- [The problem]
Reproduce, please, only the lines from the first line below to the line containing "бабушка трахает ребенка фото 17", inclusive.

Extracted data entries:
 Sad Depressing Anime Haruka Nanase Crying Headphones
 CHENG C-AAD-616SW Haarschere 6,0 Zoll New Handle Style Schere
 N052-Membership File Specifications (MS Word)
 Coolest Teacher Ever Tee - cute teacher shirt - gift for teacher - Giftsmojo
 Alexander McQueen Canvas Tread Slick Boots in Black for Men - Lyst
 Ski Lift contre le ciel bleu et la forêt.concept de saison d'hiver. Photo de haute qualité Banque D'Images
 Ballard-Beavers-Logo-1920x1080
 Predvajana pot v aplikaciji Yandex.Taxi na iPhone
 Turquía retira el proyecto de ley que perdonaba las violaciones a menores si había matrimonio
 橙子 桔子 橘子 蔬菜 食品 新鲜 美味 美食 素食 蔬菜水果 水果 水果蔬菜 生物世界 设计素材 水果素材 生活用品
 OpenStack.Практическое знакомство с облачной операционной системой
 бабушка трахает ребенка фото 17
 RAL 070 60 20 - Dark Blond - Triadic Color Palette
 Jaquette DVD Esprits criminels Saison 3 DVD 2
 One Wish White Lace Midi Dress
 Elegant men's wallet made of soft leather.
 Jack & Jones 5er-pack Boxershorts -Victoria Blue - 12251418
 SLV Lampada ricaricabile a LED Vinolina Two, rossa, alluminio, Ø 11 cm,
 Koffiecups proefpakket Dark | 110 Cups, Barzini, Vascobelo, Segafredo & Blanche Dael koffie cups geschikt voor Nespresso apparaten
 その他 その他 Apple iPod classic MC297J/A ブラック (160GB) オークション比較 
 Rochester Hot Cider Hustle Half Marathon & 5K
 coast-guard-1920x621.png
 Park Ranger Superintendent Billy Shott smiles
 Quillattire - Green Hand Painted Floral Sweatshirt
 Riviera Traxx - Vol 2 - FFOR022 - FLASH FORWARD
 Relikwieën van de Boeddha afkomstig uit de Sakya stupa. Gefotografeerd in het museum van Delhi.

- [Result of the exercise]
 Sad Depressing Anime Haruka Nanase Crying Headphones
 CHENG C-AAD-616SW Haarschere 6,0 Zoll New Handle Style Schere
 N052-Membership File Specifications (MS Word)
 Coolest Teacher Ever Tee - cute teacher shirt - gift for teacher - Giftsmojo
 Alexander McQueen Canvas Tread Slick Boots in Black for Men - Lyst
 Ski Lift contre le ciel bleu et la forêt.concept de saison d'hiver. Photo de haute qualité Banque D'Images
 Ballard-Beavers-Logo-1920x1080
 Predvajana pot v aplikaciji Yandex.Taxi na iPhone
 Turquía retira el proyecto de ley que perdonaba las violaciones a menores si había matrimonio
 橙子 桔子 橘子 蔬菜 食品 新鲜 美味 美食 素食 蔬菜水果 水果 水果蔬菜 生物世界 设计素材 水果素材 生活用品
 OpenStack.Практическое знакомство с облачной операционной системой
 бабушка трахает ребенка фото 17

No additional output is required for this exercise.